Step #8 – Avoid Workplace Complaining and Cattiness

The last thing you want is to become the difficult co-worker yourself by constantly complaining about others. If you get caught gossiping about your toxic co-worker it will also erode any trust that was built after your one-on-one conversation. Another reason to avoid the office gossip is mob mentality. Sometimes your minor hang-ups with someone else can be amplified if others feel the same way.

 

Step #9 – Help Foster a Team Environment

When people feel like a part of a whole rather than an individual piece they tend to play a lot nicer. Speak with management about fostering a team environment. Making it clear to everyone that the mentality of success depending on all employees has a way of getting people to work together instead of against each other.

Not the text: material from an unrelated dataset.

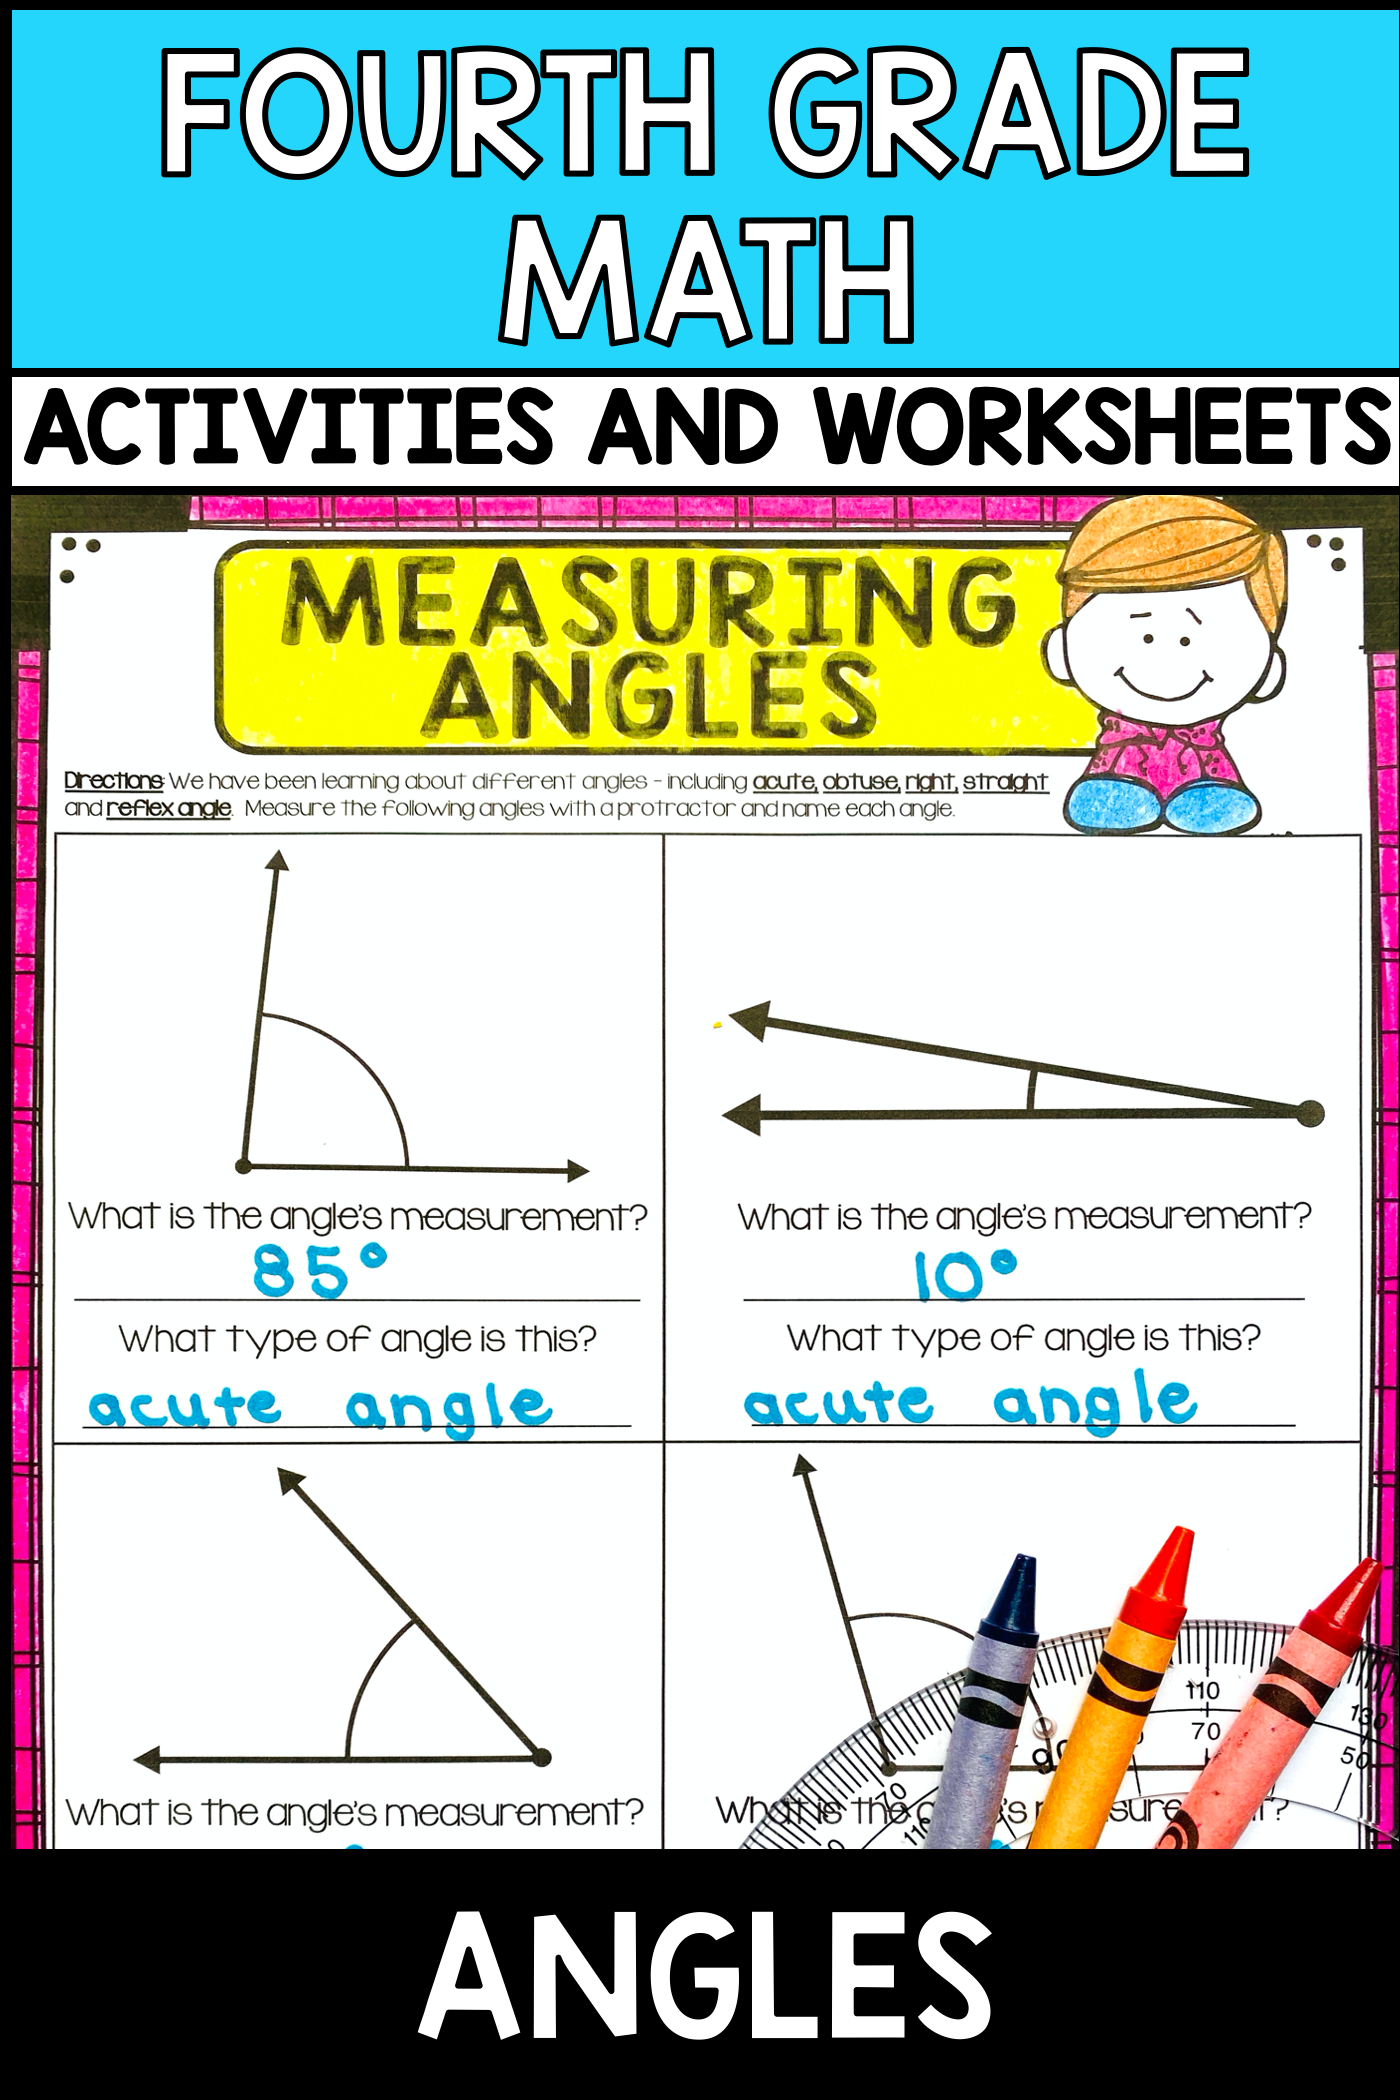 medium resolution of Angles   4th Grade   NO PREP   Measuring angles

This camaraderie is an instant relationship booster that gives you a common goal. Instead of looking at you as competition the toxic co-worker will look at you as a teammate.

 

Step #10 – Minimize Contact If Needed

Workplace Bullying Institute founder Gary Namie believes that it is very difficult for a true bully to change their ways. If all else fails, practice avoidance. Move your desk or its position, adjust your work schedule, or skirt the break room when they’re eating lunch.

 

Our relationships grow and develop every day for better or worse. If you’ve tried the steps above without making any headway it’s time to take the matter up the chain of command for the sake of the entire team.